** Opening Given information block **

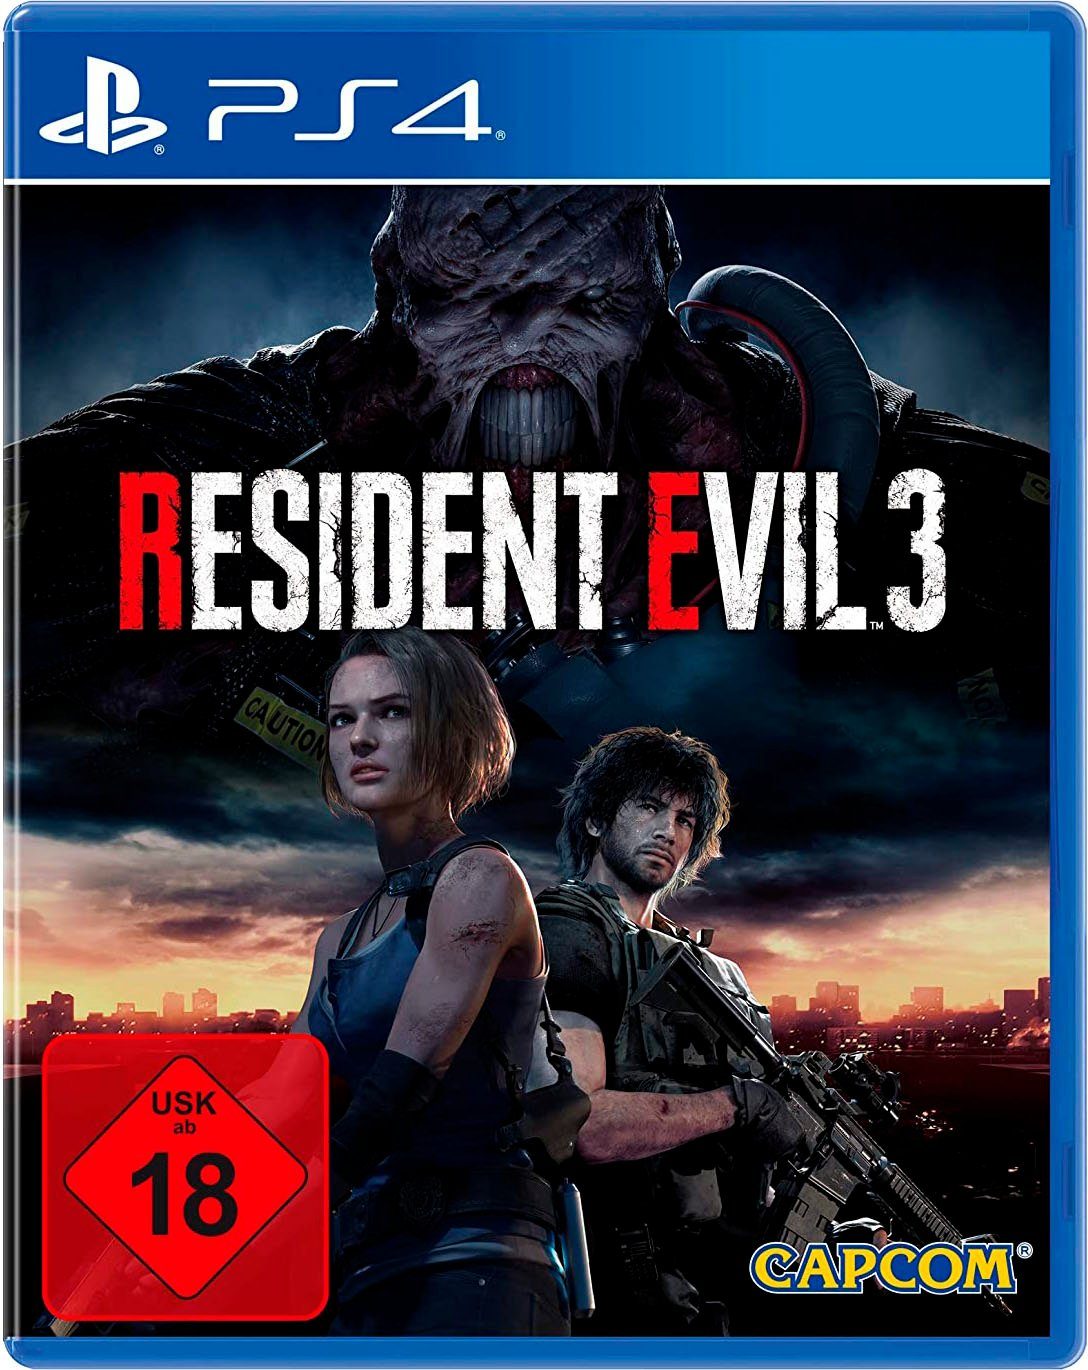 PlayStation 3 Evil PS4 Resident Capcom 4
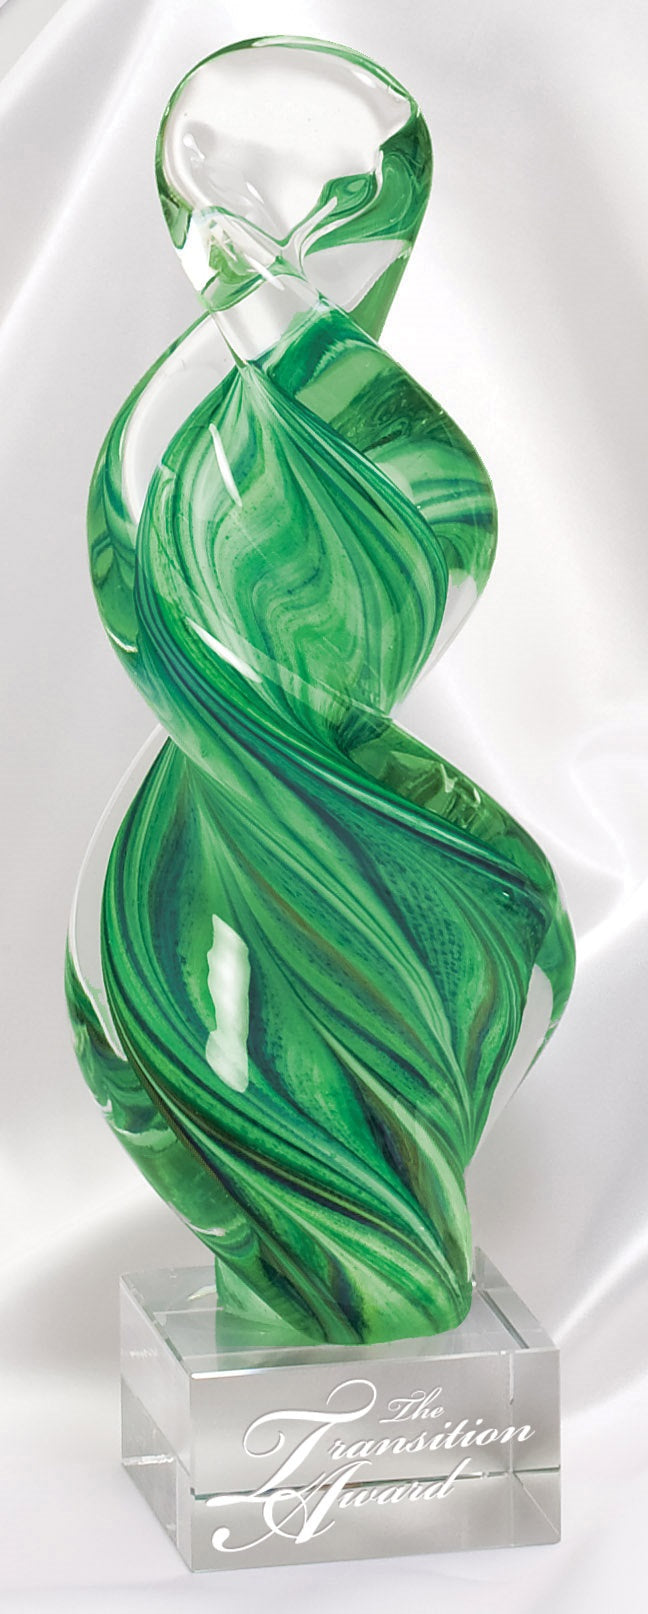 Swirled Art Glass Award
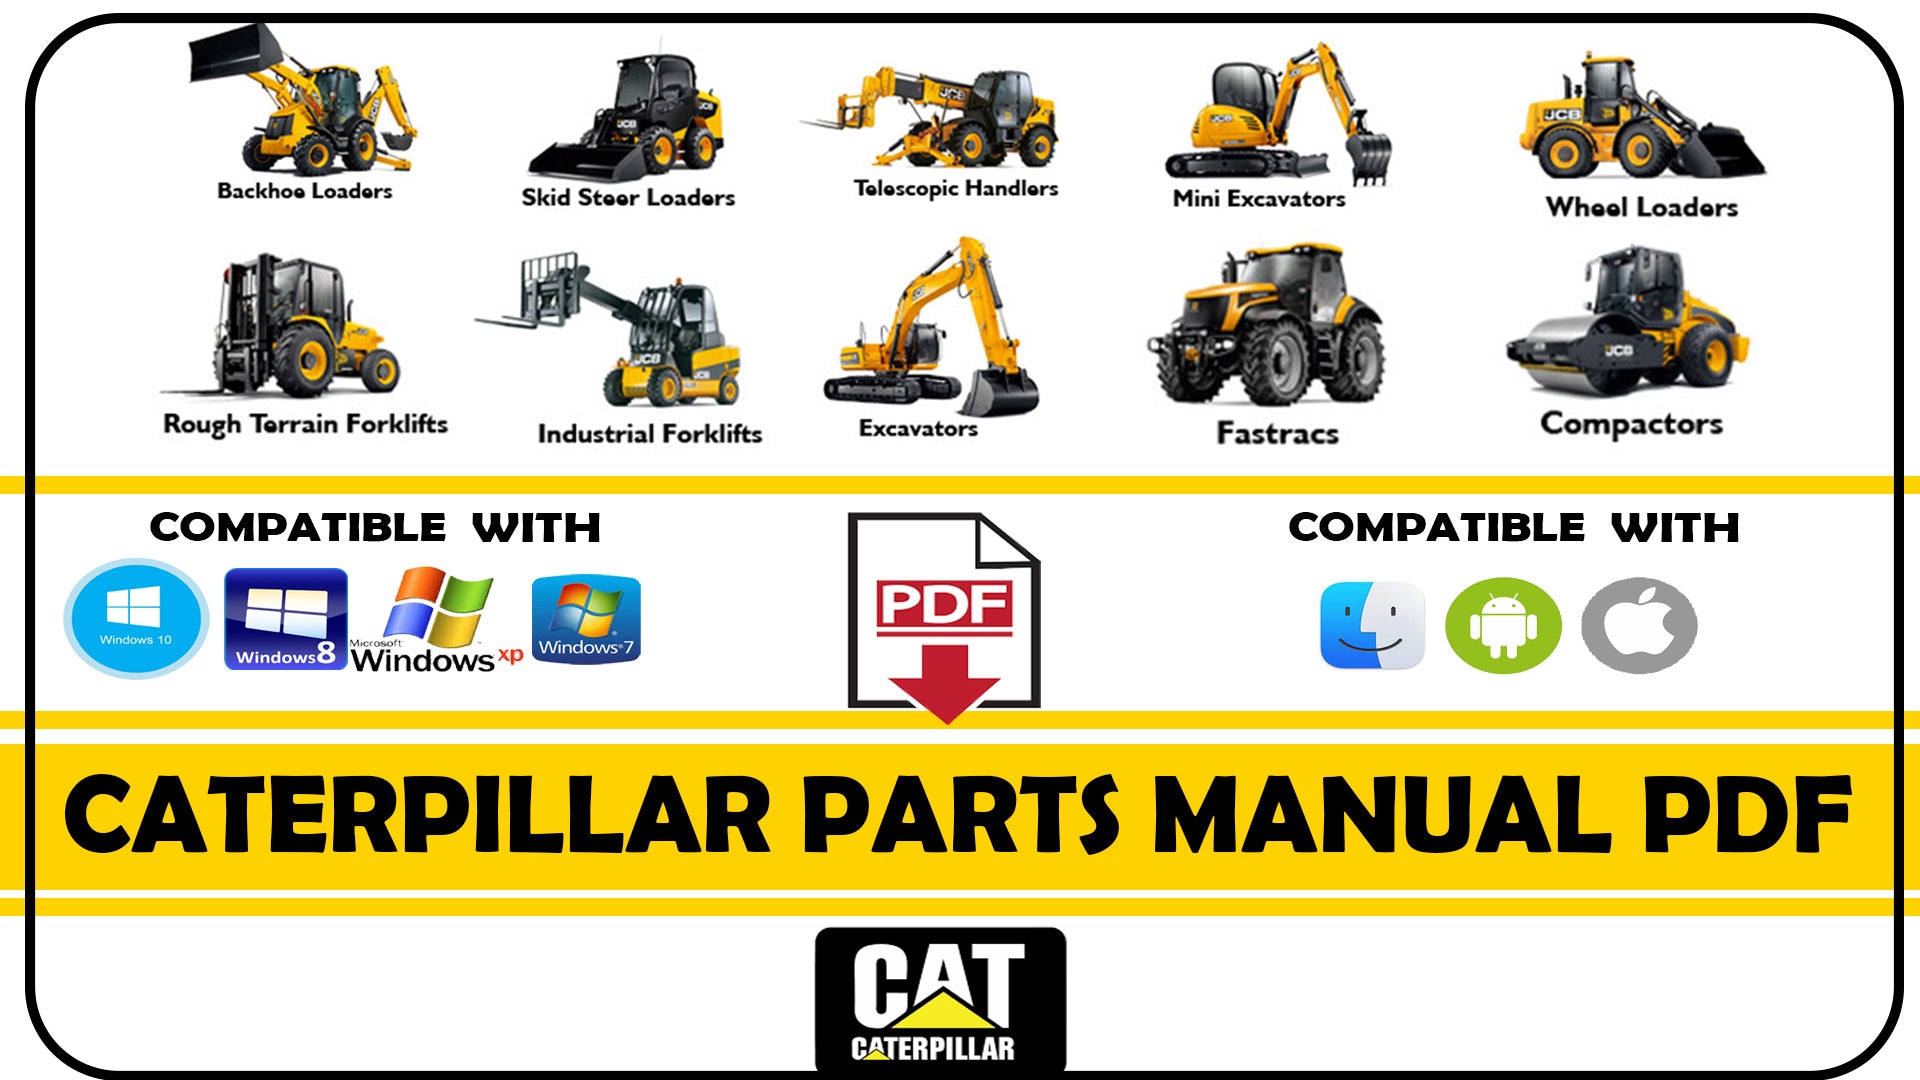 Cat Caterpillar 434e Backhoe Loader Parts Catalog Manual Serial Number :- Sjl00001-up
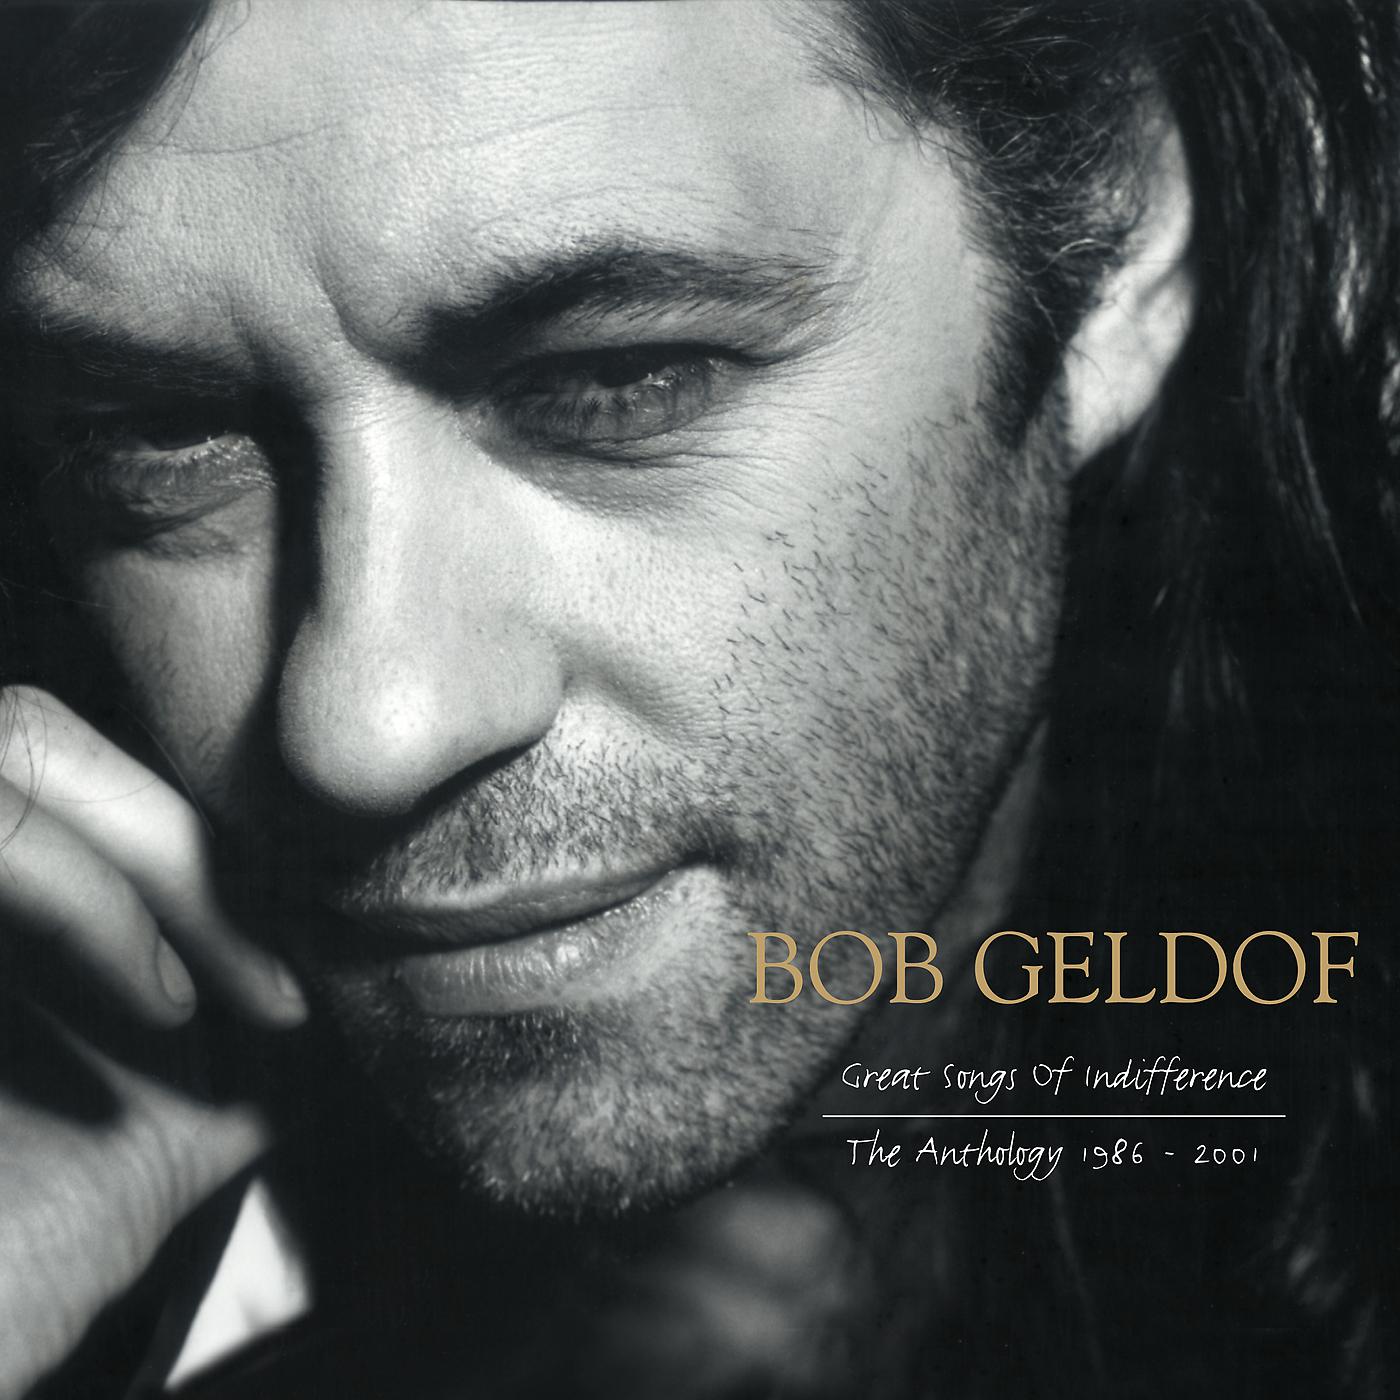 2001 1986. Bob Geldof 1986. Bob Geldof – Deep in the Heart of Nowhere. Музыкальный альбом 2001. Певец Боб.

** Closing Given information block **

What to do:
In the data, the line that contains "Cat Caterpillar 434e" begins the part to write out; restate it and each line after it word for word through the end, with no pictures.

Your response:
 Cat Caterpillar 434e Backhoe Loader Parts Catalog Manual Serial Number :- Sjl00001-up
 2001 1986. Bob Geldof 1986. Bob Geldof – Deep in the Heart of Nowhere. Музыкальный альбом 2001. Певец Боб.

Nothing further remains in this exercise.